> **Source records**
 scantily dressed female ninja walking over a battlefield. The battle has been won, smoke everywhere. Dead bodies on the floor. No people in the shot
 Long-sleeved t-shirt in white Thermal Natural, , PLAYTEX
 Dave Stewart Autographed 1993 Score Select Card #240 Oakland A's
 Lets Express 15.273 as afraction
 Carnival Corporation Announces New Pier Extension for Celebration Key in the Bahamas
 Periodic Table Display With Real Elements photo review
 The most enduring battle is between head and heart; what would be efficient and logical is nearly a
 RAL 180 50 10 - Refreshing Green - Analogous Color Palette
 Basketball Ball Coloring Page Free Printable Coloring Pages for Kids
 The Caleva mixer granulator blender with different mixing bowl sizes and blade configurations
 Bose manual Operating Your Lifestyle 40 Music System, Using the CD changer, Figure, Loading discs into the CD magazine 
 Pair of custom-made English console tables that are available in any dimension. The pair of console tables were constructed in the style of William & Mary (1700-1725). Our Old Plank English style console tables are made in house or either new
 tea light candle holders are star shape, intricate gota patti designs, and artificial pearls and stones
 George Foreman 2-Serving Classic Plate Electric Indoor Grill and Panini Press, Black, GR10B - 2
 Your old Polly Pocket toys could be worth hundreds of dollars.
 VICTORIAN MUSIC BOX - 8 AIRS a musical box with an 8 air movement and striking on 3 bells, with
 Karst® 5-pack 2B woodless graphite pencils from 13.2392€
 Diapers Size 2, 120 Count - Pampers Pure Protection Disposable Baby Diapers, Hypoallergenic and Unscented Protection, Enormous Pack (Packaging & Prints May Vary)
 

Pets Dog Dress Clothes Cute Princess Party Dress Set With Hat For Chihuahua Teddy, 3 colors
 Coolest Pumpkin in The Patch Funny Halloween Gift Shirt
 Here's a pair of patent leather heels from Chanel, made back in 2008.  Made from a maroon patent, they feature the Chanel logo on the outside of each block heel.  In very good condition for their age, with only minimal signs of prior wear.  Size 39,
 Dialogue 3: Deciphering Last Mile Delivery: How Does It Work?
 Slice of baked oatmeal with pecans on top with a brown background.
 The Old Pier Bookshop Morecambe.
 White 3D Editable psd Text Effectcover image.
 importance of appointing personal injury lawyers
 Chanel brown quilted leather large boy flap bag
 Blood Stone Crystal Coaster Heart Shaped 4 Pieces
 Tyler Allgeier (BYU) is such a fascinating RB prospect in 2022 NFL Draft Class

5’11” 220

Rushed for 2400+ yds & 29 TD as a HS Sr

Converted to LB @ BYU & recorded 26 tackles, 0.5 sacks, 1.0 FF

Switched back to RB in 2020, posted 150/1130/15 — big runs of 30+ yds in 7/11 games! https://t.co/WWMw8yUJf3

> **What needs to be done**
Lines in the material above that include the string "Pier" should be listed.

> **Your solution**
 Carnival Corporation Announces New Pier Extension for Celebration Key in the Bahamas
 The Old Pier Bookshop Morecambe.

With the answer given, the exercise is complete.